By Michael Aun, FIC, LUTCF, CSP, CPAE Speaker Hall of Fame

I recently had the privilege of filling in as an announcer at the Florida High School Athletic Association's State Weightlifting Meet at the Kissimmee Civic Center in beautiful central Florida. You can see the testosterone at a boy's weightlifting meet.

The competition is intense as some of the best lifters in the nation square away against one another to decide the best of the best. Sometimes those who fall in defeat lose not only their competition but also their temper. I never figured out what a locker in a dressing room had to do with them missing their lift but some choose to do a boxing match with an innocent locker door.

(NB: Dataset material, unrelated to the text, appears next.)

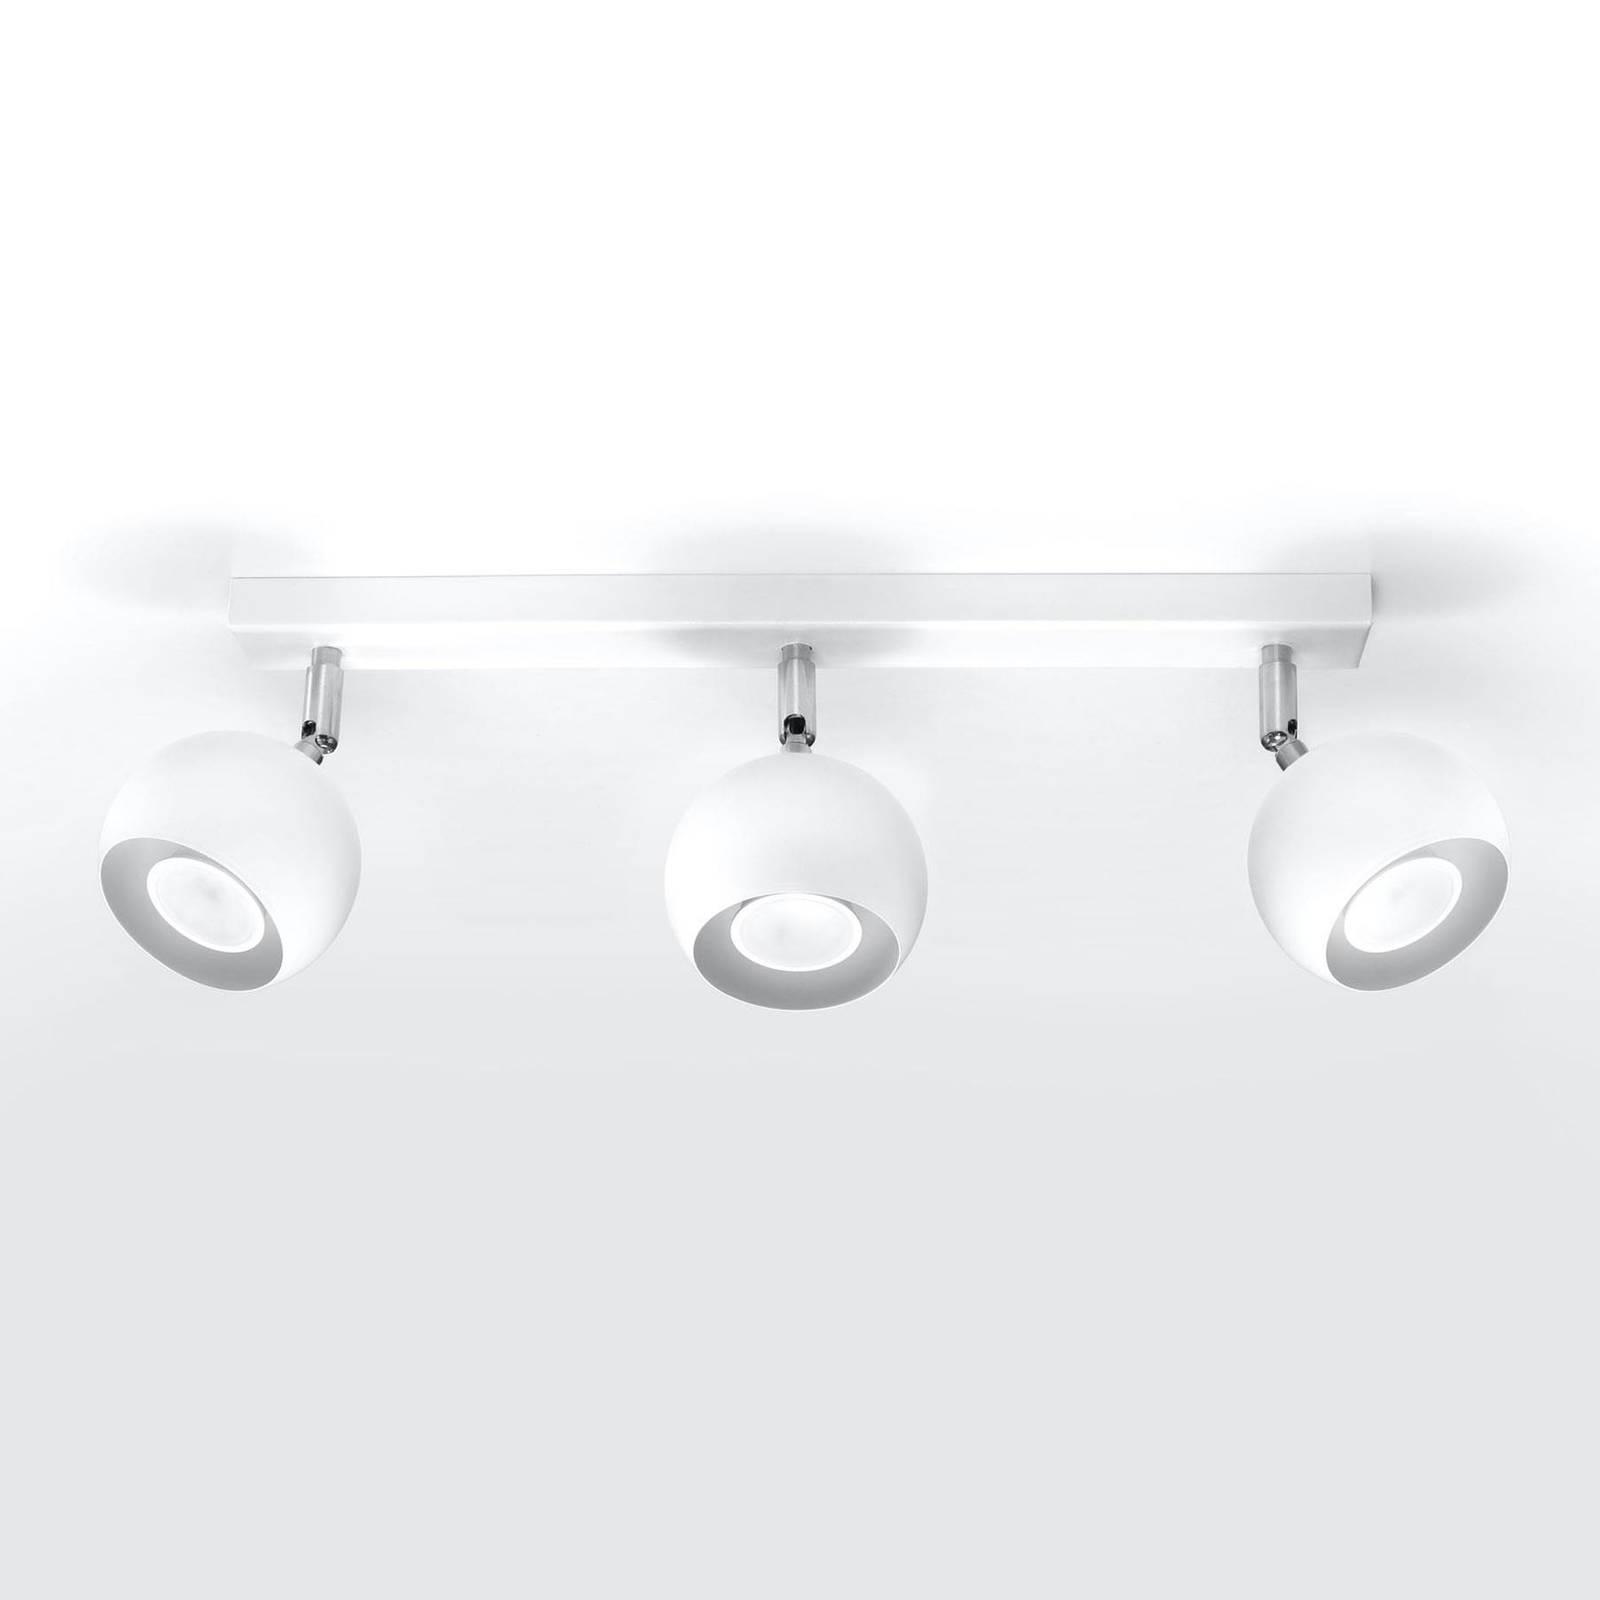 Kattokohdevalo Flame, valkoinen, 3-lamppuinen

My son Cory is the head weightlifting coach for the St. Cloud Bulldogs. Cory and his twin brother, Jason, decided to tackle the task of hosting the State Meet in Kissimmee, a prodigious task on a good day. Cory called me at 7:00 p.m. the night before the meet to ask me to fill in for the regular announcer the next day. I'm always happy to help my sons out with their projects. Any excuse to join them on an athletic field is a welcome excuse for me to participate.

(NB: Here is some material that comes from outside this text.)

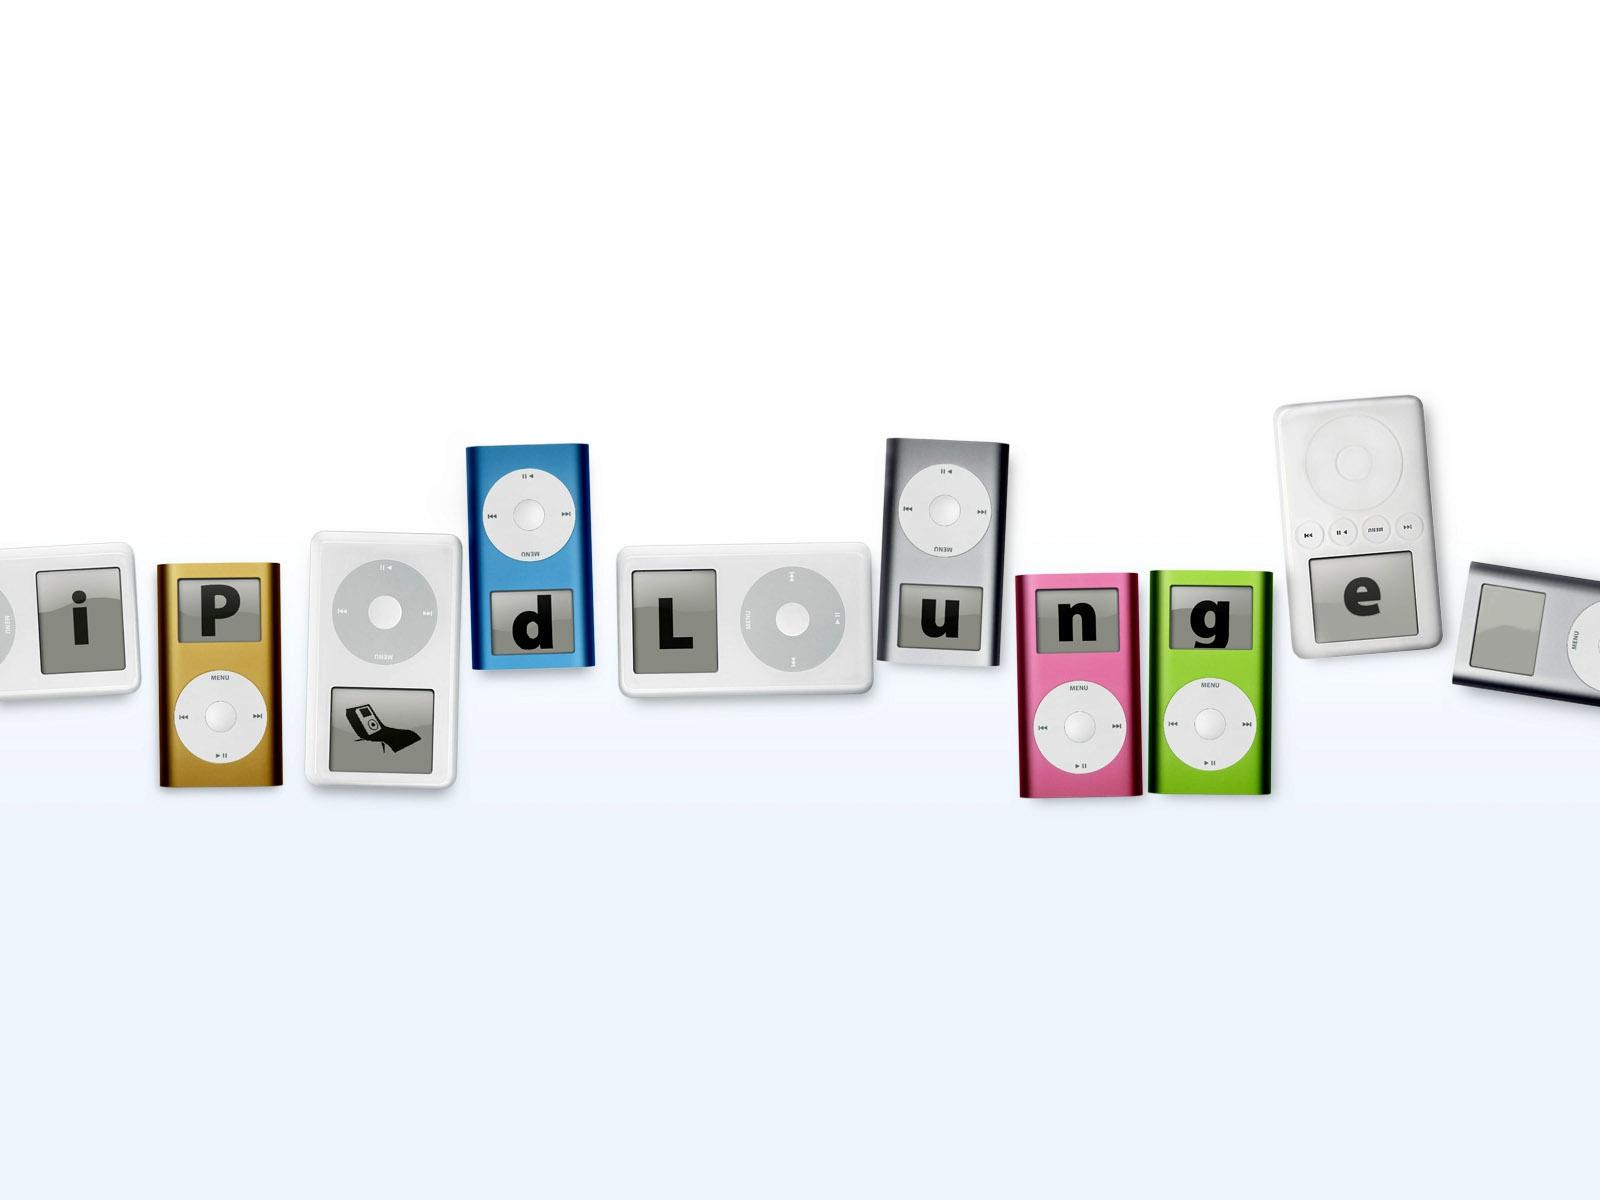 Wallpaper : music, technology, Ipod, brand, electronics

You can't help but notice how competitive these kids are. I'm not sure who is more intense, the athletes or their parents who are screaming and yelling in the stands. For years I attended high school weightlifting meets and wrestling matches where my boys competed. I wrote three books sitting in the stands waiting for the next lift to take place. Trust me; it's not exactly minute-by-minute action.

In the old days, there was lots of trash talking that went on at some of these passionate meets. Today, the trash talking takes in a different mode. The verbal volleyball that we used to call trash talk is now done through the social media through Twitter, Facebook, texting or other vehicles. The kids not only know who their competition is they know how to crawl under his skin with some appropriately placed trash tweets.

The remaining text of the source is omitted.